EPSRC Centre for Doctoral Training in Agri-Food Robotics: AgriFoRwArdS - Roopika Ravikanna 3

Roopika Ravikanna

  • University of Lincoln in collaboration with Saga Robotics

Research Interests

Human-robot interaction.

Papers and Presentations

  • Lincoln Conference on Intelligent Robots and Systems 2020 – Task Allocation in Multi Robot Systems using Dynamic Manipulative Bidding Strategy (read more here).
  • UKRAS2021 – Task Allocation using Manipulative Dynamic Auctioneer System (read more here).
  • International Women in Engineering Day 2021 (read more here).
  • Festival of Fresh 2021.
  • AgriFoRwArdS CDT Annual Conference 2021.

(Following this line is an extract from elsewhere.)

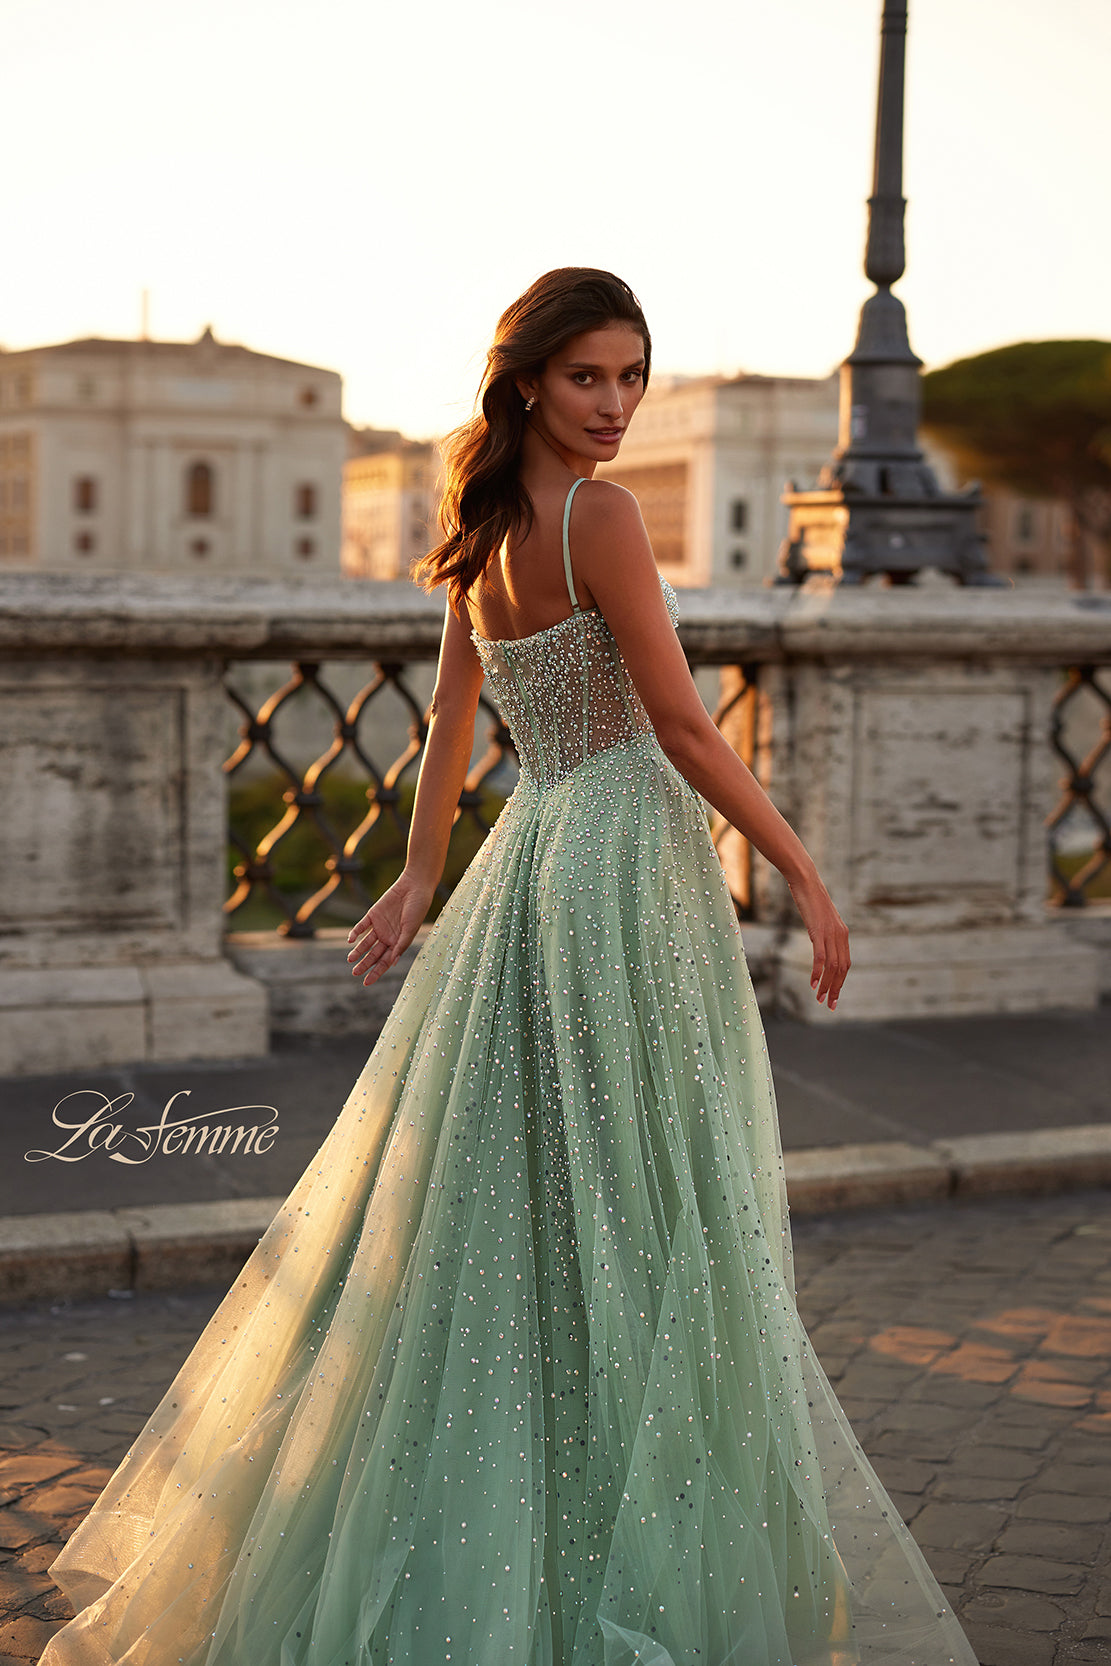 La Femme 32146 Radiant Rhinestone Illusion A-Line Prom Gown - An enchanting prom gown featuring radiant large rhinestones, an alluring illusion bustier bodice, and a V neckline for a dazzling and sophisticated look. The model is wearing sage green.

Extra-Curricular Activities

  • Member of the AgirFoRwArdS CDT Drink Outside the Box Organisation Committee.

MSc Project

Leaky Integrate Neuron Model for Multi Robot Task Allocation

The evolution of methodologies in Multi Robot Task Allocation is surveyed. Various classifications of Taxonomy in the domain is compared to the relevance of its application. An idea for a novel ‘Leaky Integrate and Fire’ Neuron Model for Multi Robot Task Allocation is presented along with the explanation of its biological theory. This is used as an inspiration to model a setup of heterogenous autonomous Multi Robot system in a farmland environment. The model would be simulated as a software using Python. Performance of the system will be evaluated and compared to that of a traditional Market based approach. Findings shall be drawn and Results are to be summarised.

PhD Project

Fleet Management of Autonomous Agricultural Robots with Human Awareness

Fleet management of autonomous agricultural robots is fundamental to fully autonomous farming practices as it addresses the issues of conflict resolution, resource and efficiency optimisation when dealing with a fleet of homogenous or heterogenous robots. The abstract of the proposal for this PhD would be integrating human behaviour models with the navigation and task allocation system of autonomous fleets for better path planning evading possible conflicts and deadlock situations between robot-robot and human-robot(s). The study will focus on the proxemics, human behaviour modelling using decision prediction and neuroscientific methods, path planning, fleet coordination and human robot ethics.